Noceti advocates an integrated system of performance reviews and cross-training for a potential successor's own development as well as for the firm's security.
The Dollars And Sense Of Succession Planning
The selection and training of a successor will all be for naught if you don't also develop a financial strategy for handing over your business. Perhaps the most significant activity associated with succession planning, a financial strategy protects your company, your family and your employees against a monetary burden that could doom the entire process to failure.
For example, if you plan to turn over your business to your children, you have to think about the heavy gift taxes they will face. If you die, your heirs can suffer an equally prohibitive estate tax.
Setting up an employee stock option program is critical if you plan to sell your business to staff members. And lastly, you may decide to sell your firm to a chain or a local competitor. If so, you need to know what your company is worth so you can get the best price for those long years of hard work.
For What It's Worth
No matter who inherits your business, it's critical that you get an accurate valuation. Such a valuation encompasses tangible assets such as real estate, buildings, machinery and equipment, as well as intangibles like employee loyalty, manufacturing processes, customer base and business reputation, patents on products and new technologies.
Sometimes it is difficult to estimate the value of your firm yourself, however. In those cases, professional valuation companies know what to look for and what questions to ask. You also probably need the help of your accountant and the firm's financial officer (if you have one).
The question of value becomes even more complicated when you attempt to put an exact price tag on your business. Price can vary depending on the circumstances. For example, the selling price to your children may be less than the amount you would ask from a large chain that wanted to buy you out. In any event, a fair value must be used, one that will withstand IRS scrutiny.
Taxes can also influence how value is determined. To reduce potential estate taxes, you may want your accountant to argue to the Internal Revenue Service that your firm has minimal value. Also, current stock purchase price or buy/sell agreements may not reflect the dollar amount you believe the business is worth.

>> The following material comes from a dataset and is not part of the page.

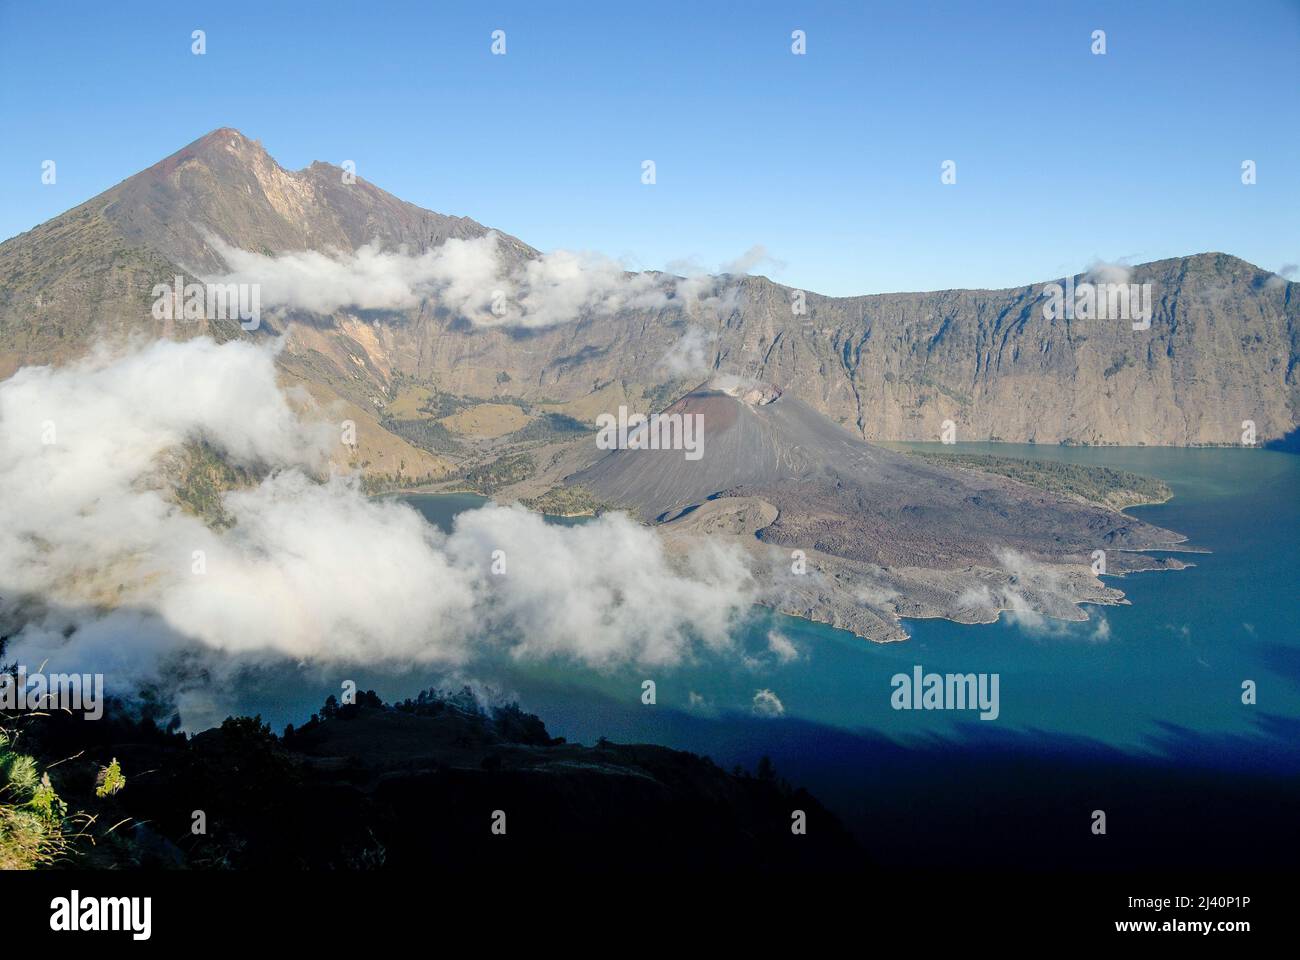 Vista de Gunung Rinjani y de Danau Segara Anak (Niño del Lago del Mar) dentro del cráter de Gunung Rinjani. También el cono de la escoria conocido como Gunung Baru. Foto de stock
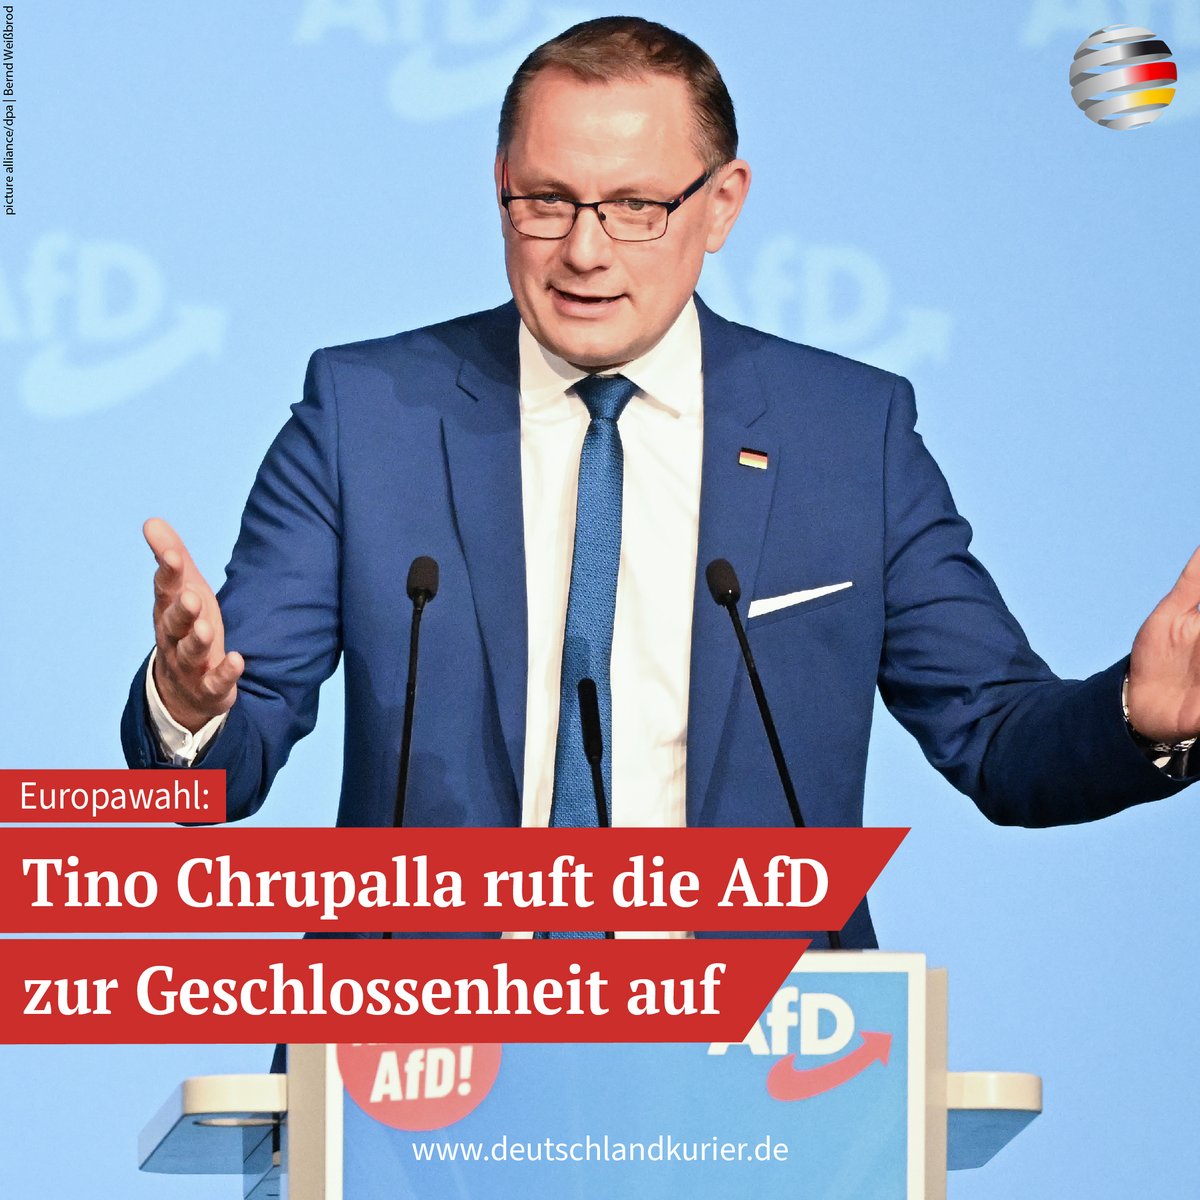 Die @AfD hat am Wochenende im baden-württembergischen #Donaueschingen ihren Wahlkampf zur Europawahl am 9. Juni gestartet. Parteichef @Tino_Chrupalla rief die Partei zur Geschlossenheit auf: „Wir werden mit dem Wahlkampf zeigen, dass man uns nicht so schnell unterkriegen kann und…

A business valuation is also a way to predict your company's future. Using your firm's historical and financial records and your judgment as owner, work with your valuation firm to calculate whether your business will grow or decline, future inflation rates, and anticipated costs and expenses of running the operation.
The most common methods for determining value are:
The Ways And Means Of Transferring
The primary recipient of all your years of hard work and success -- i.e., whoever you've chosen as your successor -- will help determine the method you use for transferring your business. The structure of your company is another factor that will influence your choice of the transferring method.
Let's say you're a sole proprietor and want to keep your company in the family. If you expect to work until you die and bequeath your business to your children, you need to think about federal estate and gift taxes, which can bite off as much as 60 percent of your estate after your death. Or if you plan to sell your company to a family member so you can retire, you need to make provisions through insurance policies to help your successor finance the purchase as well as pay for the ensuing taxes.
If you're in a partnership, you face a different set of decisions. Does your percentage of the business automatically transfer to your spouse or offspring upon your death or, as part of the partnership agreement, is your partner supposed to buy out your shares? If you have chosen the latter arrangement, you need to take out enough life insurance to provide your partner with adequate funds to pay for the purchase.
Closely held corporations have issues of their own. Stockholders may stipulate that upon their death, their shares will automatically transfer to their surviving spouse or children. However, if the shareholder's heirs subsequently want to sell their stock, sufficient provisions should be made so remaining shareholders have enough cash for the buy-out.
"Gifting" is one succession option that allows the owner to transfer the business to the next generation over time -- in a way that reduces or even eliminates any estate or gift taxes. Each year an owner can give $10,000 to a child tax-free; husband and wife business owners can each give a part of the operation worth $10,000 to their child, for a total of $20,000. Neither the donors nor the recipient pay taxes on the gift. In addition, the tax-free gift can be doubled each year if the donors give a $10,000 gift to the donee's spouse, and donors can give $10,000 tax-free to each grandchild as well.
You can also, during your lifetime or upon your death, give away an additional $600,000 of the value of the business without paying any taxes. Your spouse has the same opportunity. Jointly, therefore, you can make tax-free transfers of up to $1.2 million in addition to the annual gift of $20,000 per family member.
In addition to minimizing their own taxes, gifting allows entrepreneurs to oversee management succession as well as the change in ownership. You have the opportunity to maintain control of your company while giving your offspring increasingly meaningful roles in running the business.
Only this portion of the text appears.